Hi,
model2.mod (2.9 KB)
model1.mod (2.8 KB)
Thanks a lot for your time. I am learning the two-country model, which involves international risk-sharing conditions. In the textbook, both domestic and foreign families can save money at home and abroad. So there are four equations about domestic and foreign interest rates, as follows:
betaEt{(C(t+1)/C(t))^(-sigma)(P(t)/P(t+1))}=1/R(t);
betaEt{(C(t+1)/C(t))^(-sigma)(P(t)/P(t+1))*(e(t+1)/e(t))}=1/Rx(t);
betaEt{(Cx(t+1)/Cx(t))^(-sigma)(Px(t)/Px(t+1))}=1/Rx(t);
betaEt{(Cx(t+1)/Cx(t))^(-sigma)(Px(t)/Px(t+1))*(e(t)/e(t+1))}=1/R(t);
The four equations are collinear, and the international risk-sharing conditions can be obtained by combining the four equations:
(Cx(t)/C(t))^(-sigma)=Q(t), which Qt represents the real exchange rate.
Two interest rate equations and an international risk-sharing condition are written into the code, and the model can operate normally.

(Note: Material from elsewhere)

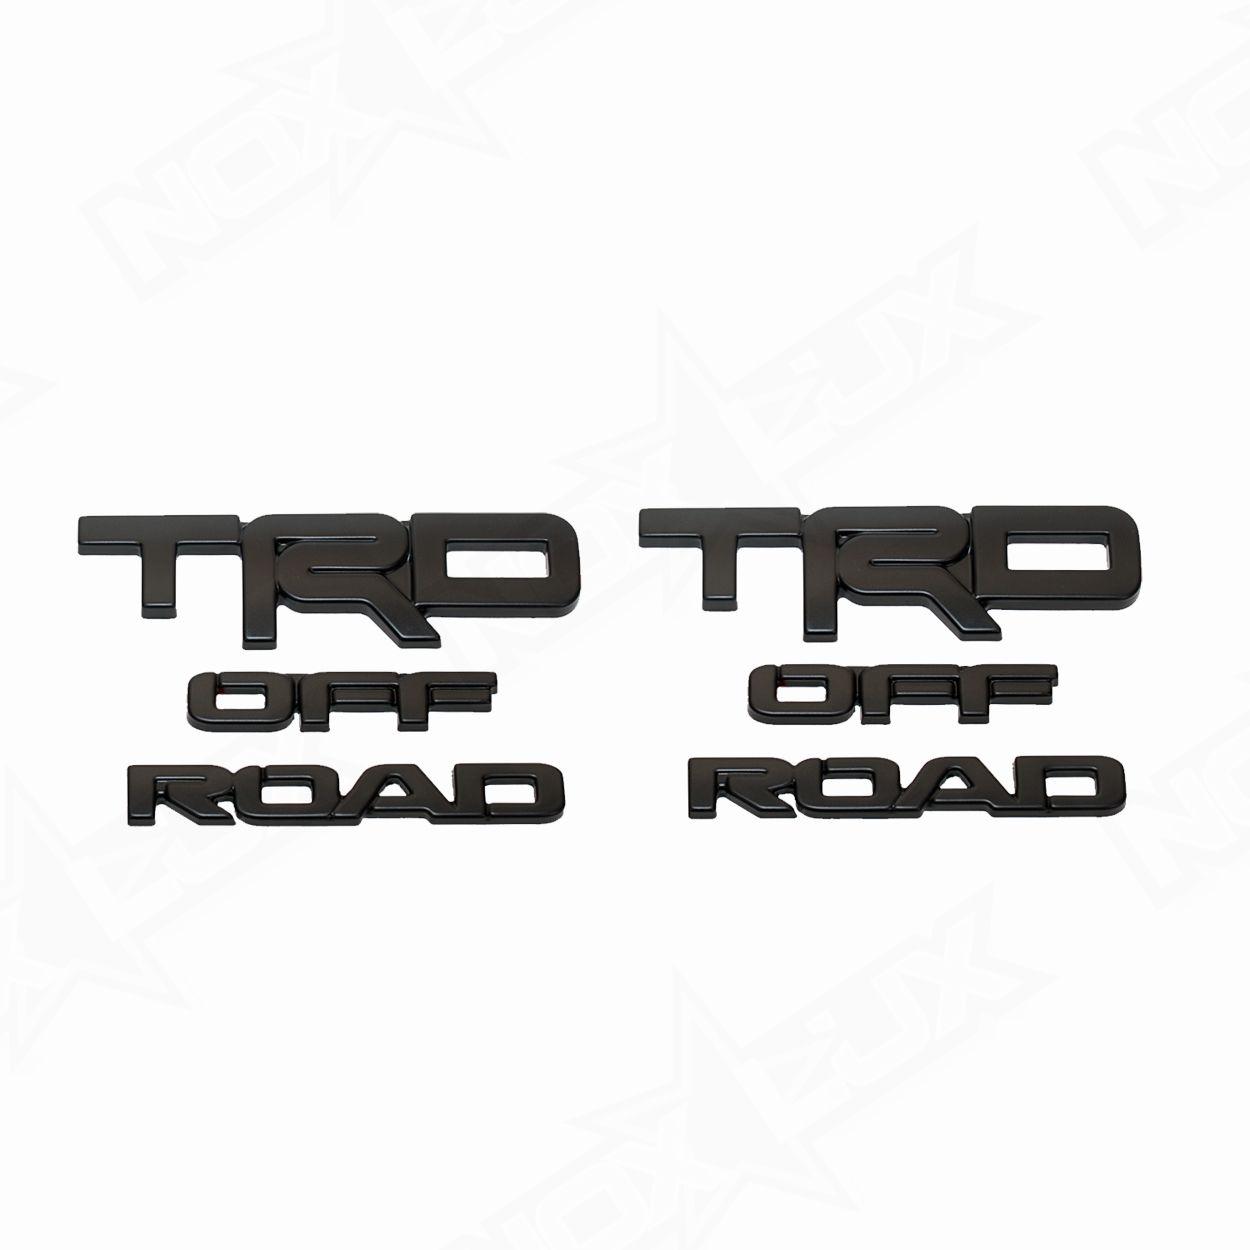 2018 Toyota Logo - 2017 2018 Toyota 4 Runner TRD Off Road Black Out Emblem Overlay Kits

The specific code is model1.
My question is: since the international risk-sharing condition is derived from the interest rate equation, can I choose three interest rate equations to make the model work normally? I try to replace the international risk-sharing condition with the third interest rate equation and construct the program model2.Only one equation of the two programs is different, and the others are exactly the same.
But when I tried to run the model, I found that the BK condition of the model was not satisfied and there was a unit root.
Why can the model work normally when two interest rate equations and one international risk sharing condition are selected, but there will be unit roots when three interest rate equations are selected? Can anyone explain why? Thank you!